INFORMATION PROVIDED -

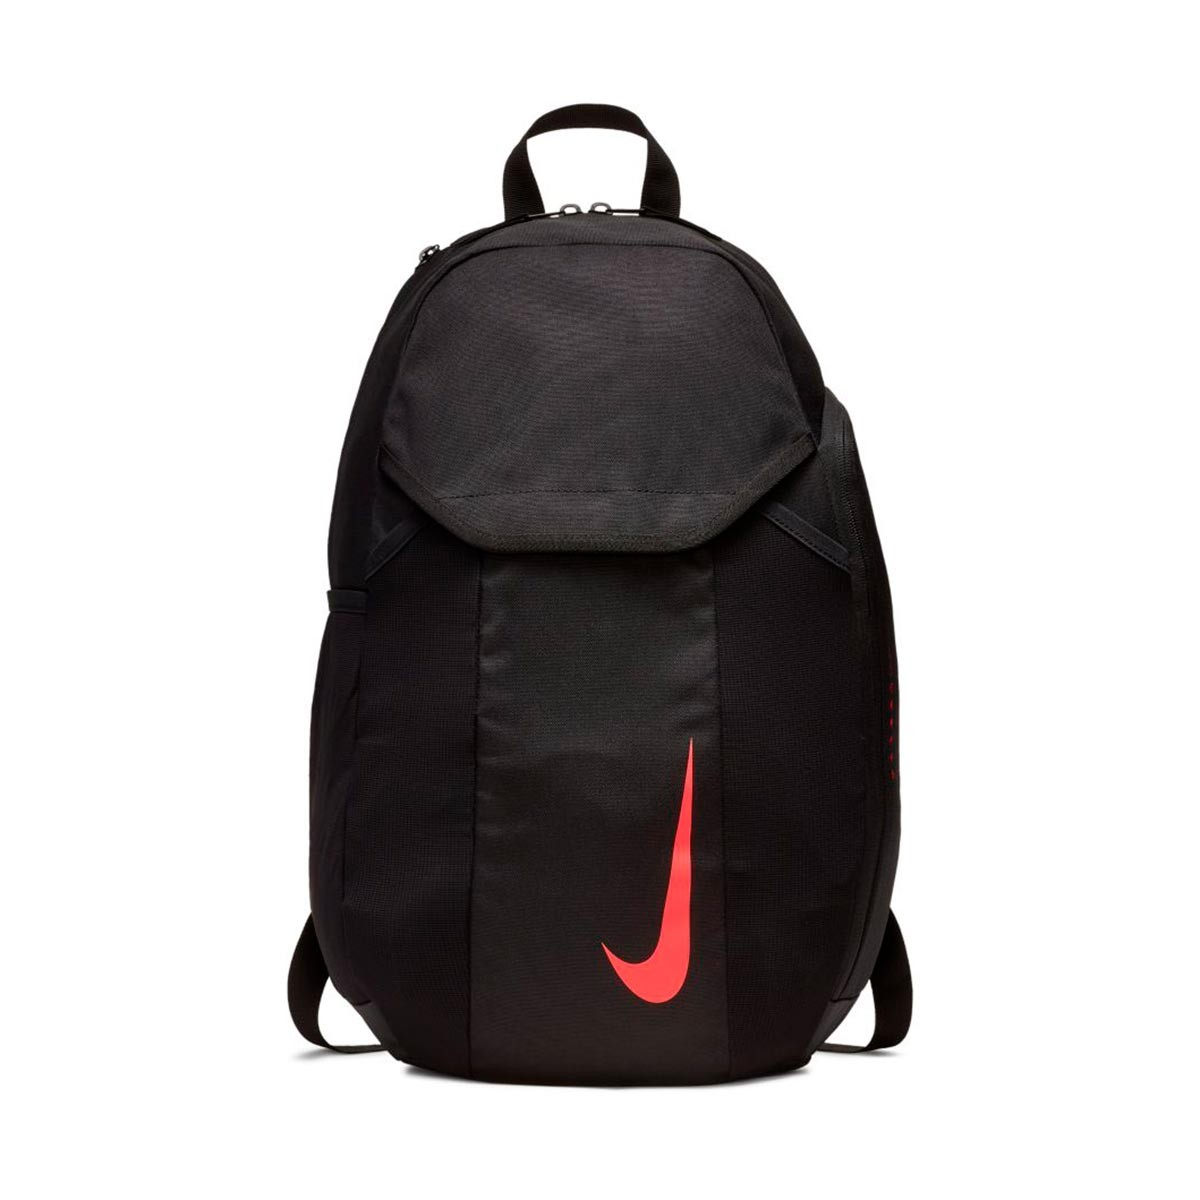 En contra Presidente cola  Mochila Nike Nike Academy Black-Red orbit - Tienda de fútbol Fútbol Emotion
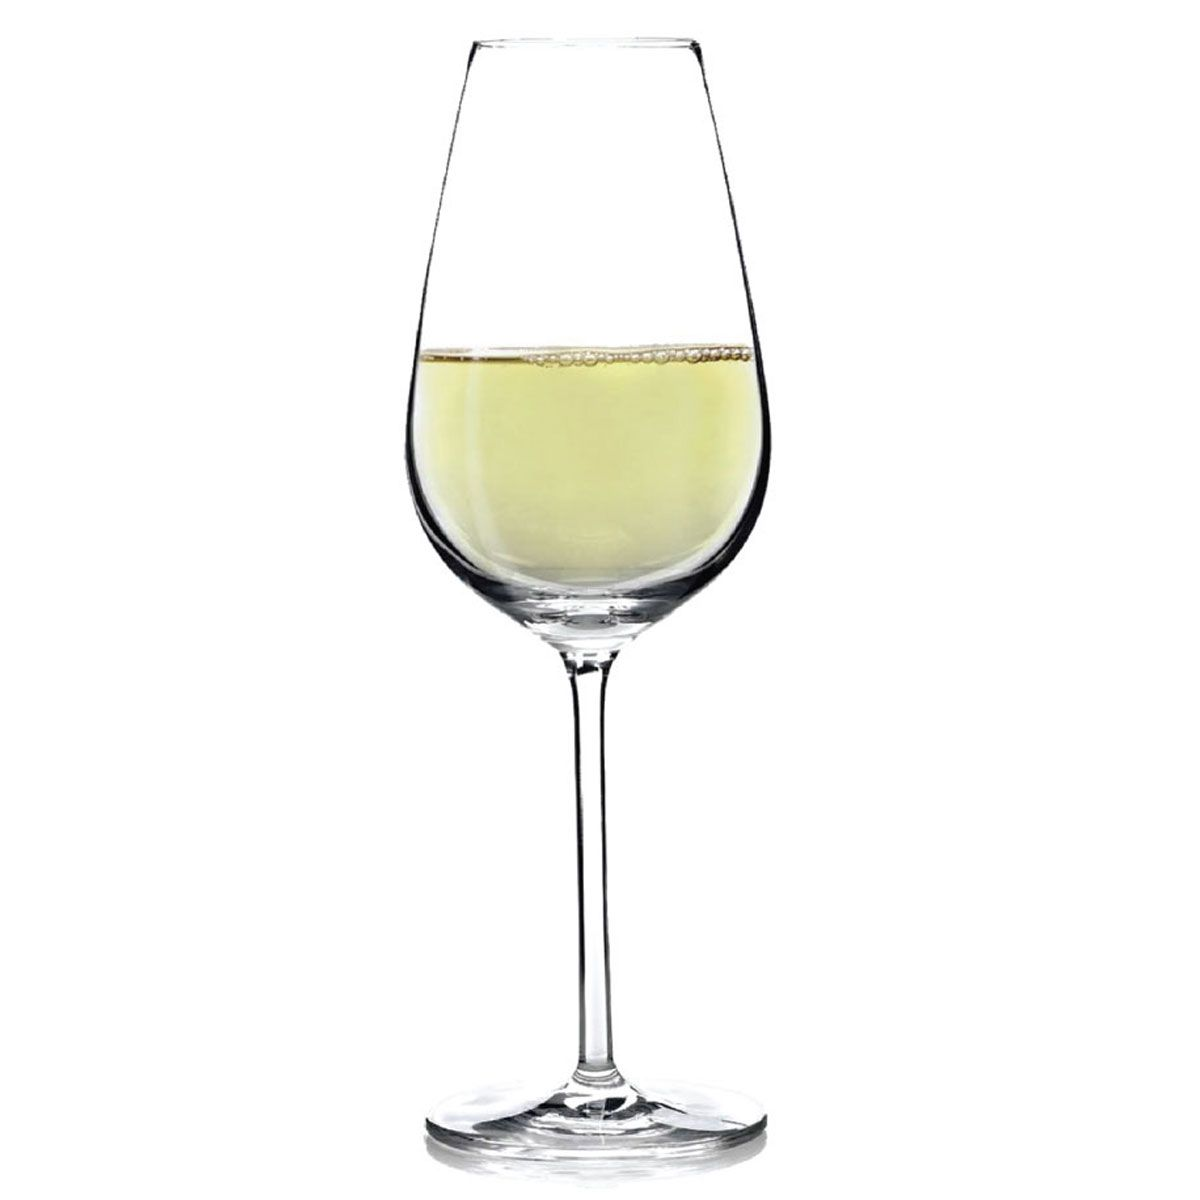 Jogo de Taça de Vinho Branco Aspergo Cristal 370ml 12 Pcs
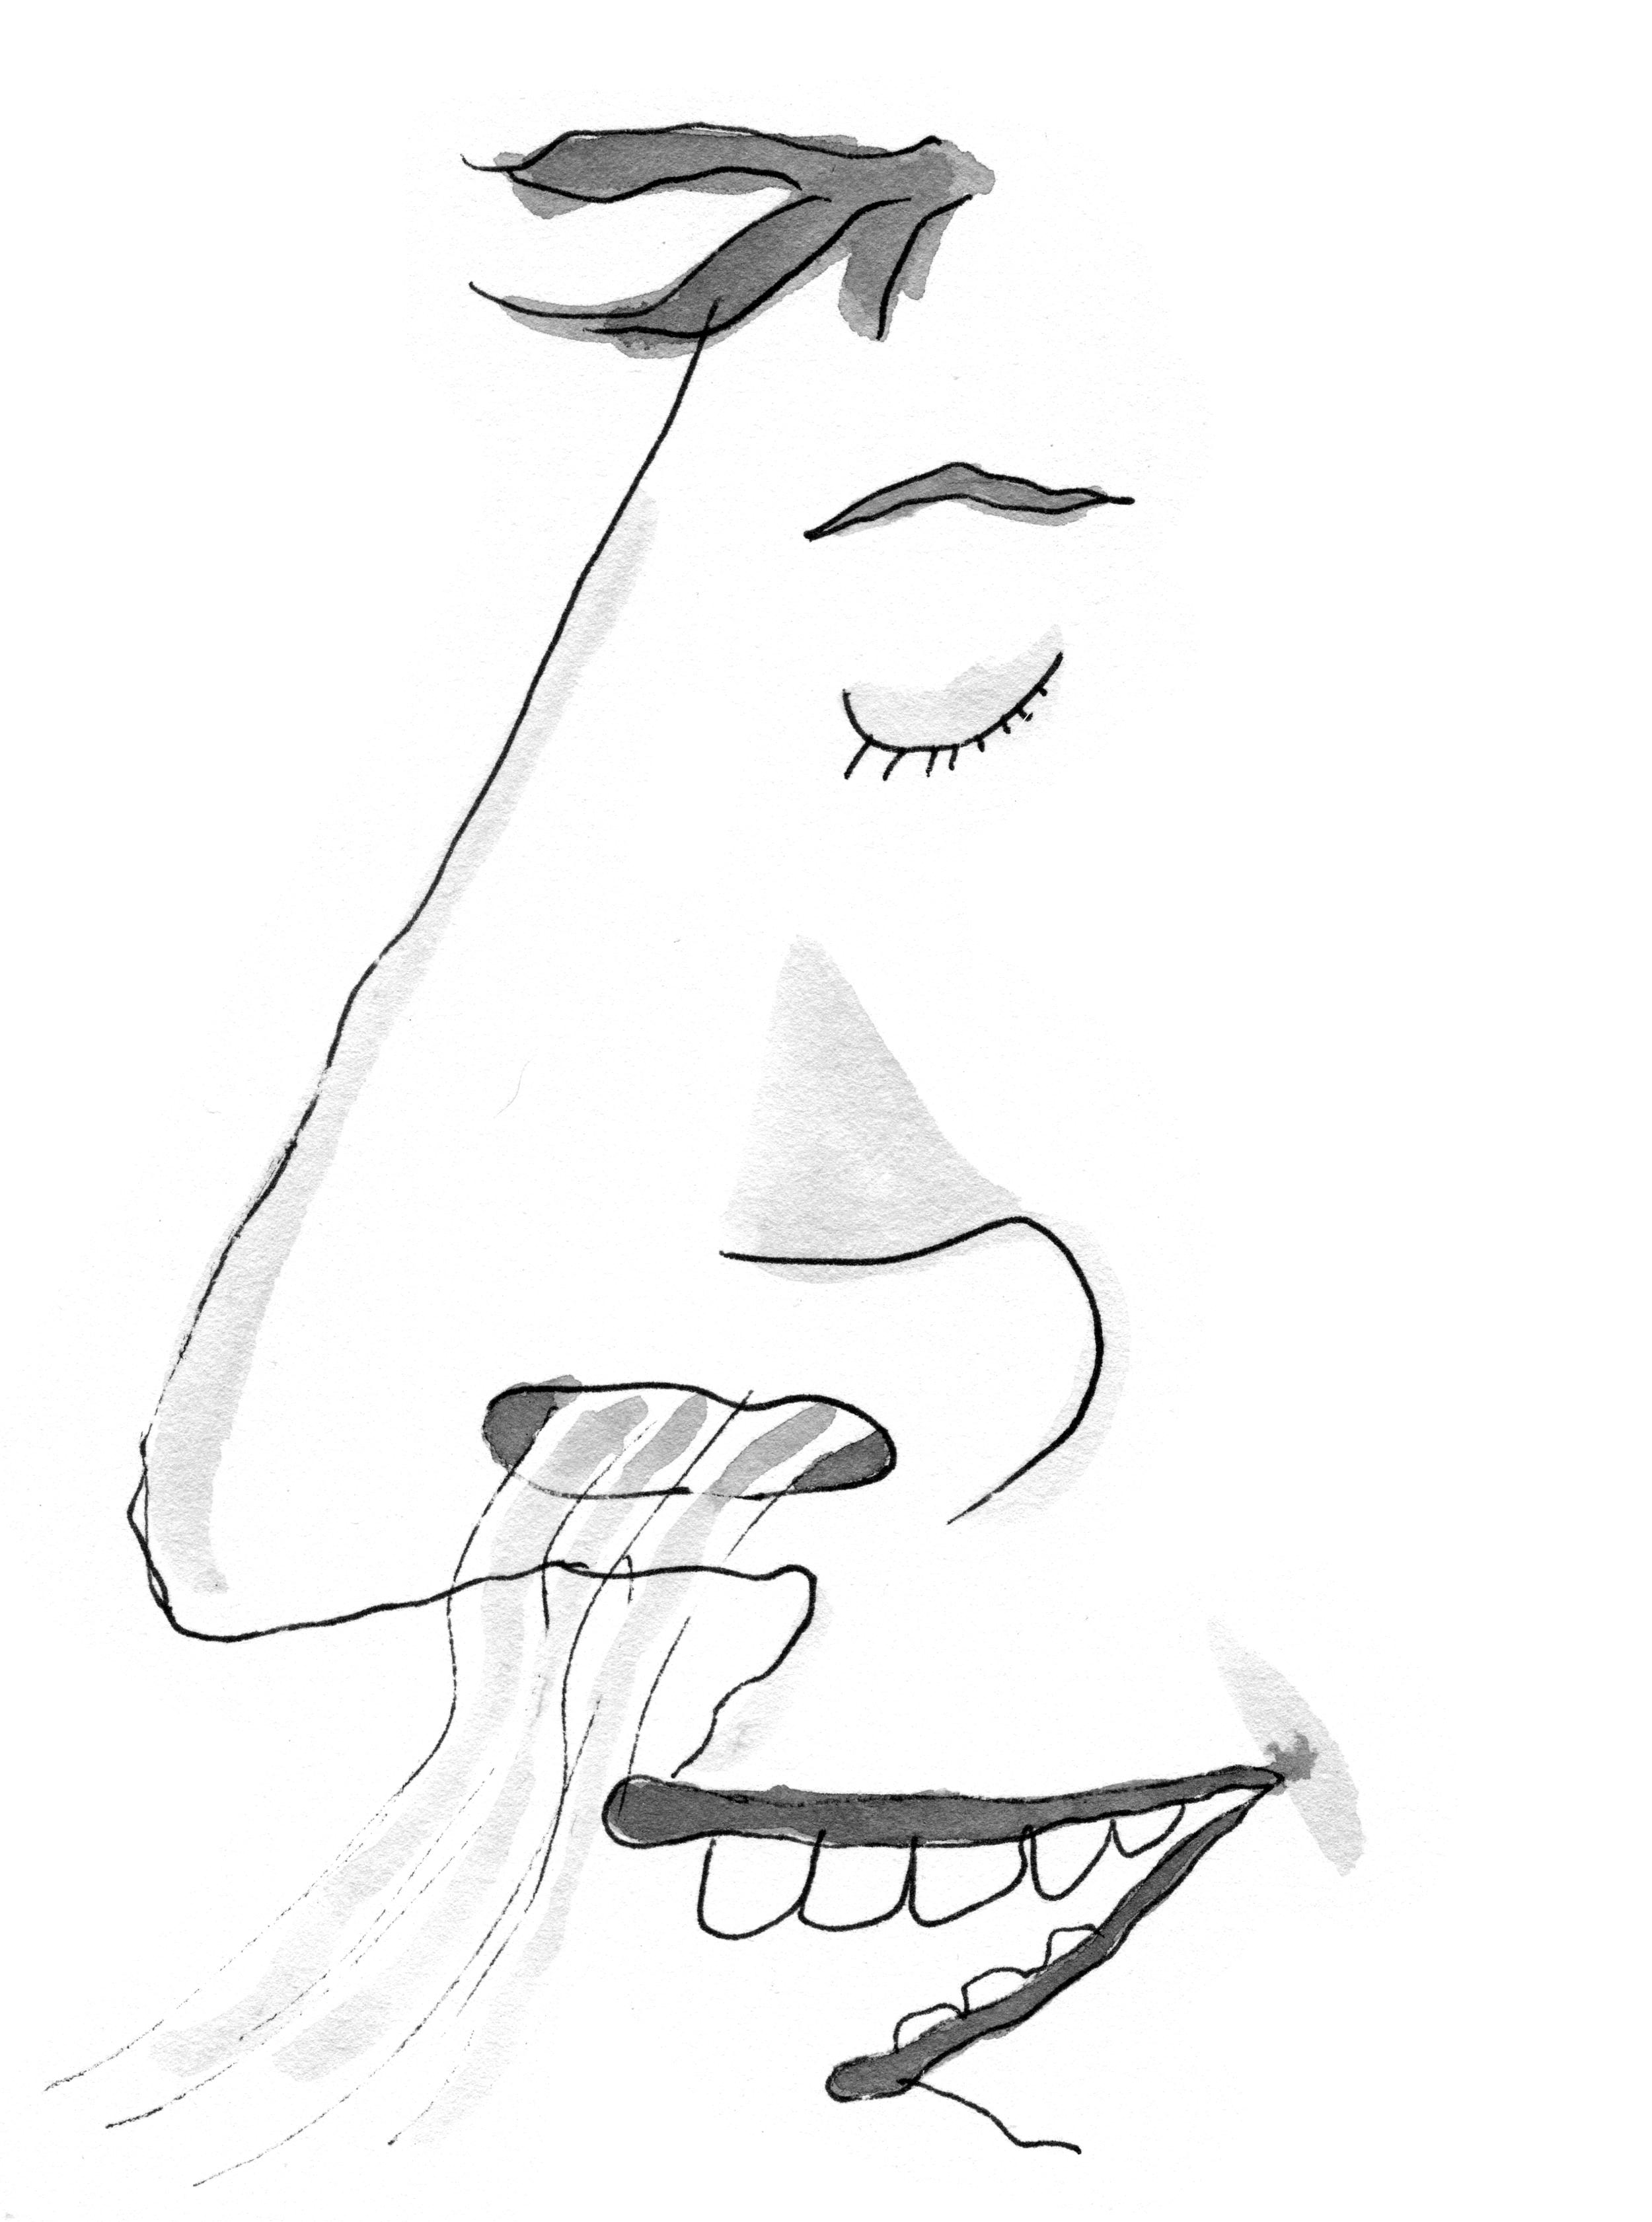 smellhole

DESCRIPTION OF THE TASK -
Output exactly the lines from the one that has "Jogo de Taça" through the end of the data. Do not include pictures.

RESPONSE -
 Jogo de Taça de Vinho Branco Aspergo Cristal 370ml 12 Pcs
 smellhole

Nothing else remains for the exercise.